Вопрос очевиден: похож ли человек на гордого орла? Царь ли он? Или, напротив, готов ко всему приспособиться, смириться с падением, тюрьмой, страданиями? Хотя Достоевский и признает невероятную выносливость человека — особенно русского, — ему не легко даются ответы на эти вопросы. Впрочем, будучи философом, он верит, что человеческое стремление к свободе, его потребность в развитии поднимают его над другими живыми существами. Чехов в «Цинике» приходит к тому же выводу, хотя и не без колебаний. Поначалу посетители зверинца смеются над «объяснениями» Сюсина. Потом некоторые из них начинают его попрекать.

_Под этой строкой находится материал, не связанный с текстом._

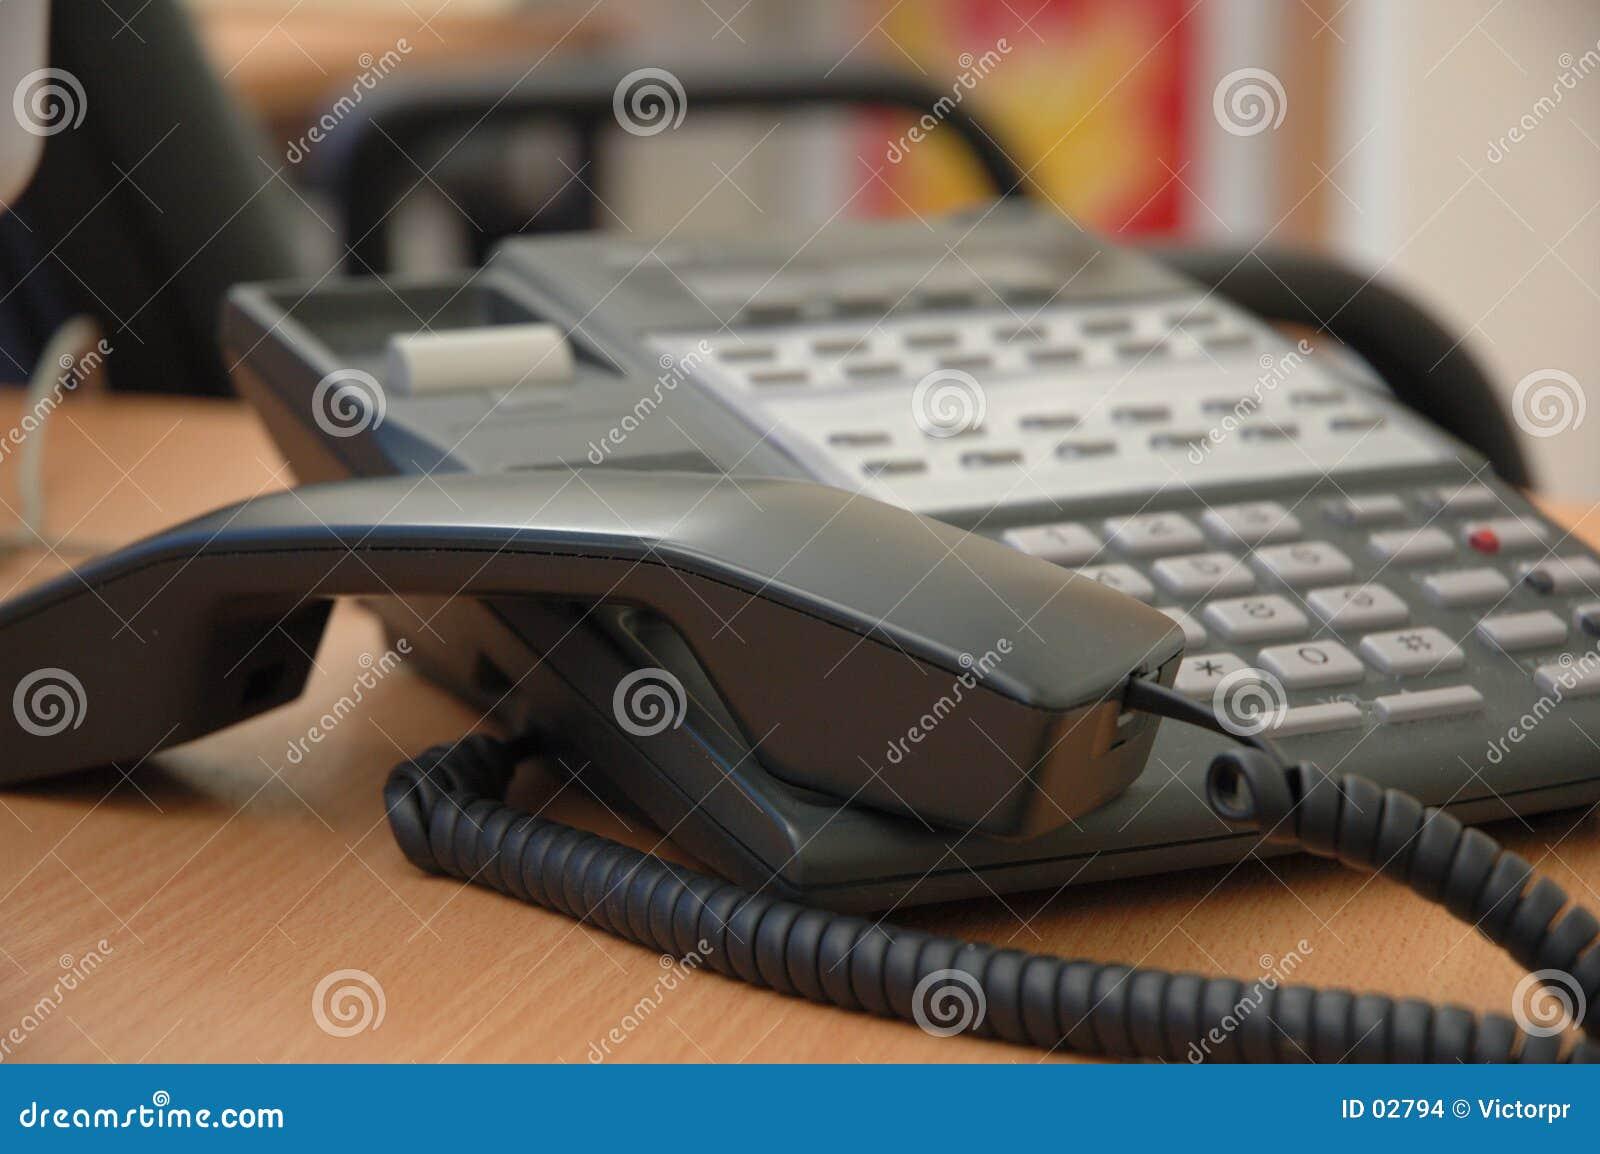 Busy phone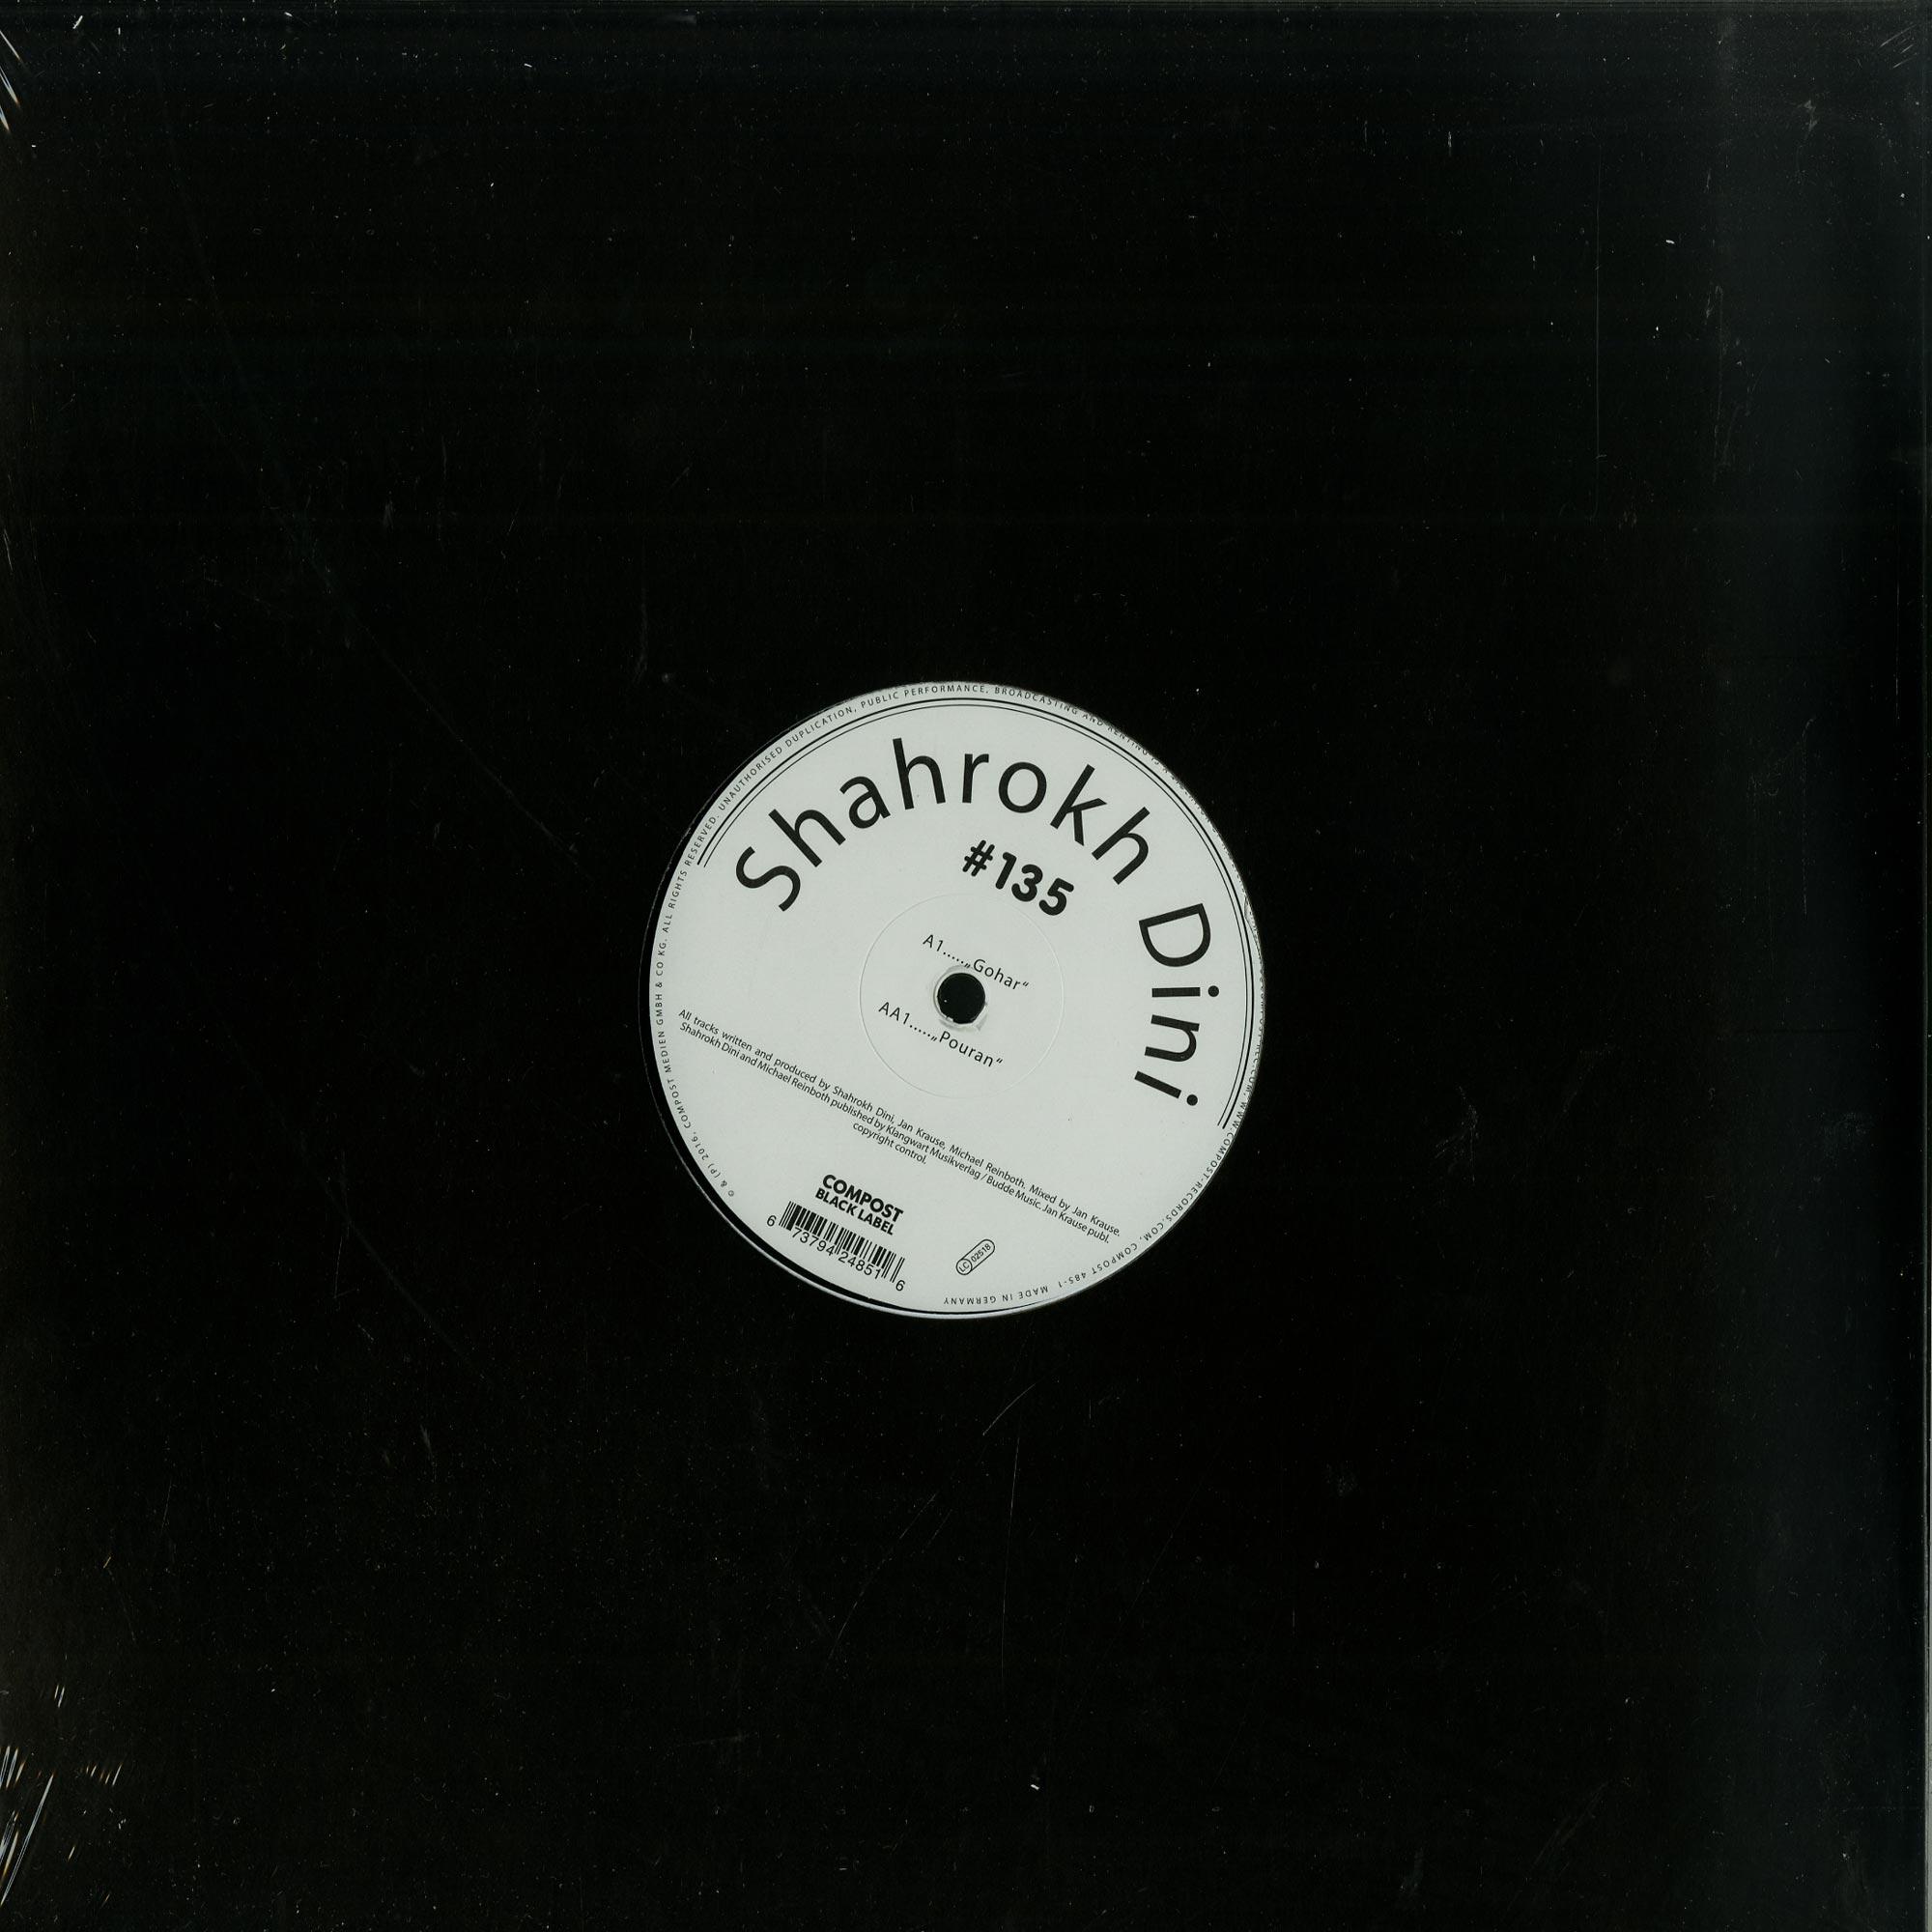 Shahrokh Dini - COMPOST BLACK LABEL 135

Постепенно они «начинают замечать, что он безобразен, грязен, циничен». Автор сообщает нам, что «во всех глазах появляется ненависть, злоба» [С IV, 169]. И тем не менее, зрители снова и снова приходят его послушать. Неужели посетителям зверинца (читай — москвичам) неприятно слушать про себя ту правду, которая присутствует в словах Сюсина? Или они получают от его разглагольствований какое-то мазохистское удовольствие? Одно несомненно: сам Чехов смотрит на эту сцену с нескрываемой грустью. Что бы он ни думал о толпе, сюсинского цинизма он не разделяет и не связывает теорию приспособления с невзгодами человеческой жизни.
Но вернемся к чеховскому рассказу «В ссылке», написанному на шесть лет позднее «Циника», вскоре после возвращения с Сахалина3. Читатель снова попадает в ад и снова сталкивается с темой (или вопросом) адаптации и примирения с окружающей действительностью. Эта тема заявляется в первом же предложении: «Старый Семен, прозванный Толковым...». Русским словом «толковый» называют того, кто всё время что-нибудь «растолковывает», «объясняет», «делает понятным» или «вносит смысл». В пьяном демоническом Семене — описанном как «старик лет шестидесяти, худощавый и беззубый, но широкий в плечах и на вид еще здоровый» [С VIII, 42] — мы видим сходство с циничным садистом Сюсиным из рассказа «Циник». Как и Сюсин, Толковый начинает «объяснять» жизнь в Сибири, насмехаясь над слушателями, находящимися в безнадежном положении. Его аудитория — не москвичи, а ссыльные татары. И они, и сидящие в клетках звери из «Циника» словно сливаются у Чехова в образы Василия Сергеича и татар. Как и Сюсин, Толковый проповедует жестокую философию стоицизма, приспособленчества и компромисса, которую можно выразить словами: «Оставь надежду».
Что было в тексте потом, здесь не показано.